Fernanda Young e a importância de artistas que desafiam a mesmice no Brasil

Otavio Almeida 29 de agosto de 2019 0
Fernanda Young e a importância de artistas que desafiam a mesmice no Brasil

O cinema está preocupado com a consolidação do streaming. Imagine, então, a TV como a conhecemos? Alguns já estão se mexendo, claro, como a Disney e a HBO, que resolveram apostar em suas próprias plataformas. Mas e quanto à TV aberta, com novelas e programas de auditório como principais atrações?

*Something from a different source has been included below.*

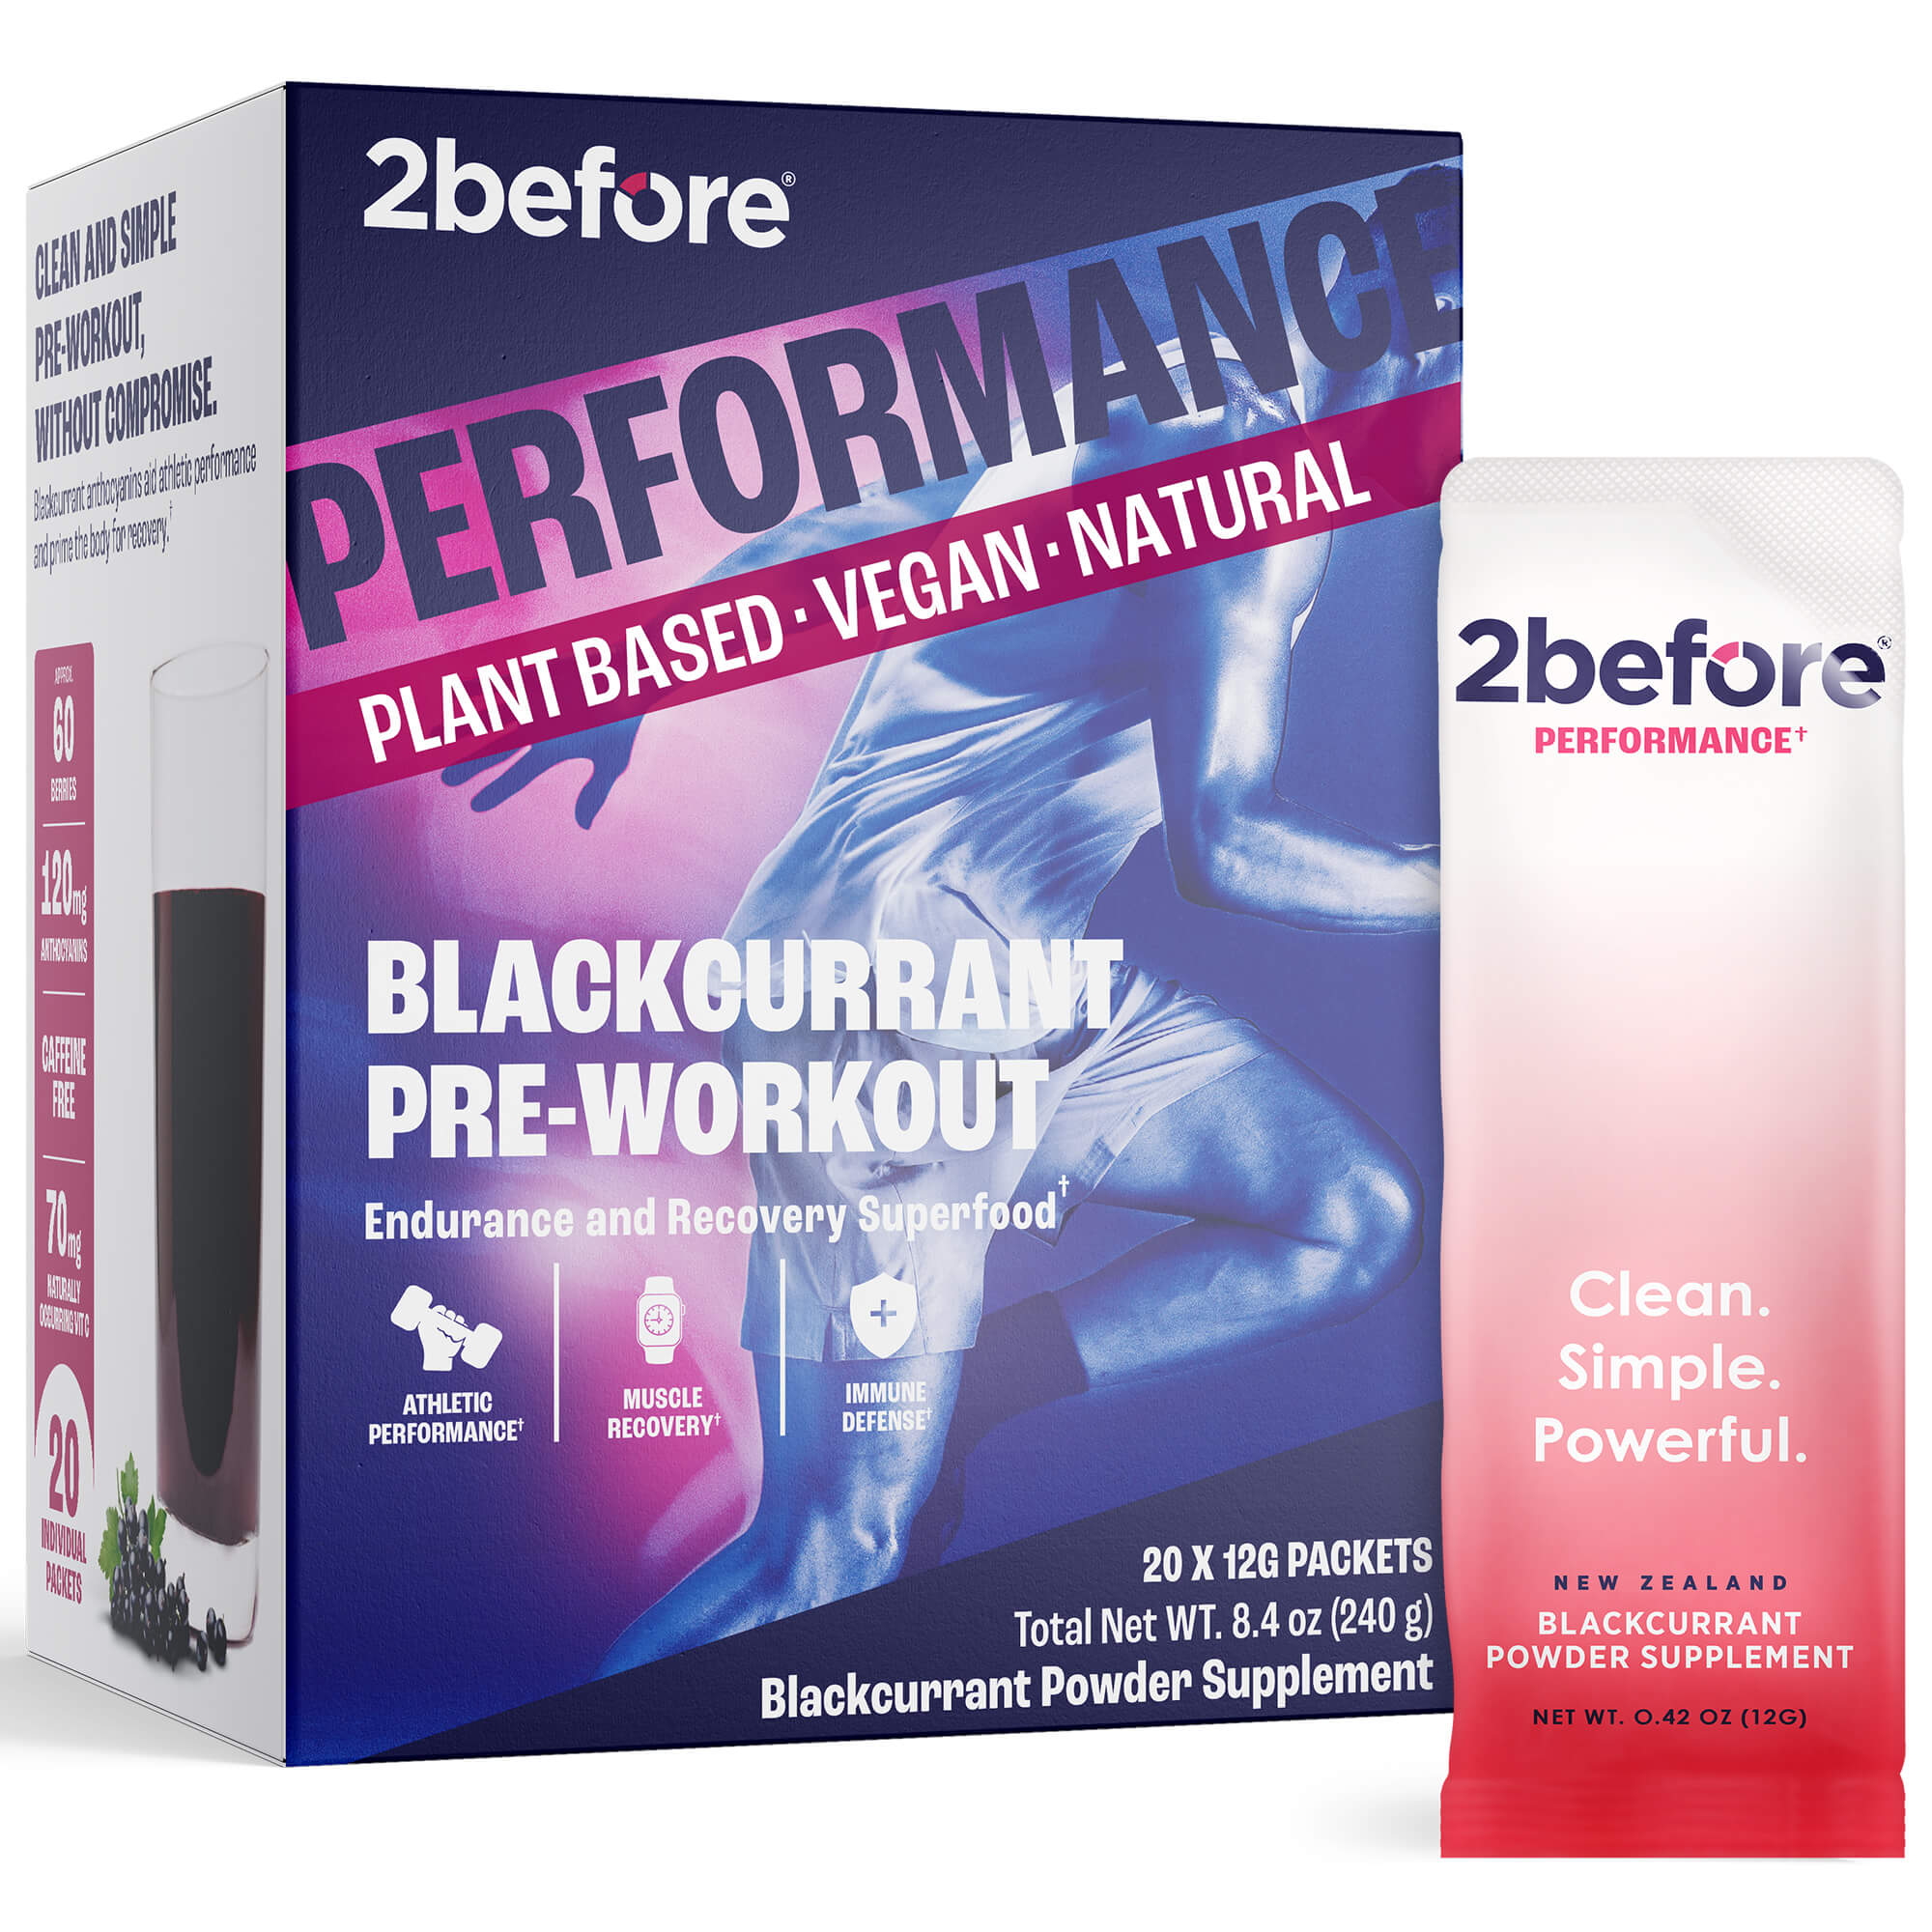 2before blackcurrant pre-workout - caffeine free

Bom, sabemos que a Globo está investindo no GloboPlay, mas ainda vejo uma lentidão se compararmos à velocidade das estratégias e execuções de concorrentes poderosos. Podemos defender que esse velho sistema de entretenimento nunca perderá espaço, afinal dialoga com o Brasil de verdade; mas talvez tenha passado da hora de segmentar e tornar isso acessível a todos os consumidores. Por exemplo, canais exclusivos para novelas ou, melhor ainda, apostar em conteúdos diferenciados que valorizem a inteligência do público. Por que não evoluir novelas ou mesmo programas de auditórios? Não é preciso “matar” tradições e seus apelos culturais, mas sim levá-las a um novo patamar.

É por isso que as empresas devem manter talentos natos por perto, felizes e livres para criar. Não sei se você notou, mas o humor dos programas de comédia da Globo andou para frente; algo que a emissora insistia em ignorar até alguns anos atrás. Mas tudo que é aplicado nas produções atuais, incluindo protagonistas femininas que se destacam pela inteligência em falas, raciocínios e atitudes, Fernanda Young já escrevia há duas décadas. Lamento muito sua morte (cedo demais) no último fim de semana, mas Fernanda foi uma autora que sempre pensou adiante do que a Globo costuma colocar no ar. Os Normais é uma das minhas séries favoritas e consigo rir até hoje de Fernanda Torres, Luiz Fernando Guimarães e daqueles diálogos rápidos, ácidos e certeiros.

Para a sobrevivência da TV é preciso que deem espaço para artistas corajosos, que pensem fora da caixa e caminhem desacorrentados de uma época que não volta mais. Cedo ou tarde, a teimosia em não se adaptar às mudanças pode encerrar histórias consagradas, mas antigas e ultrapassadas demais para conversar com as novas gerações de diferentes classes. Se as pessoas evoluem, por que essa não pode ser a tendência do conteúdo que elas consomem?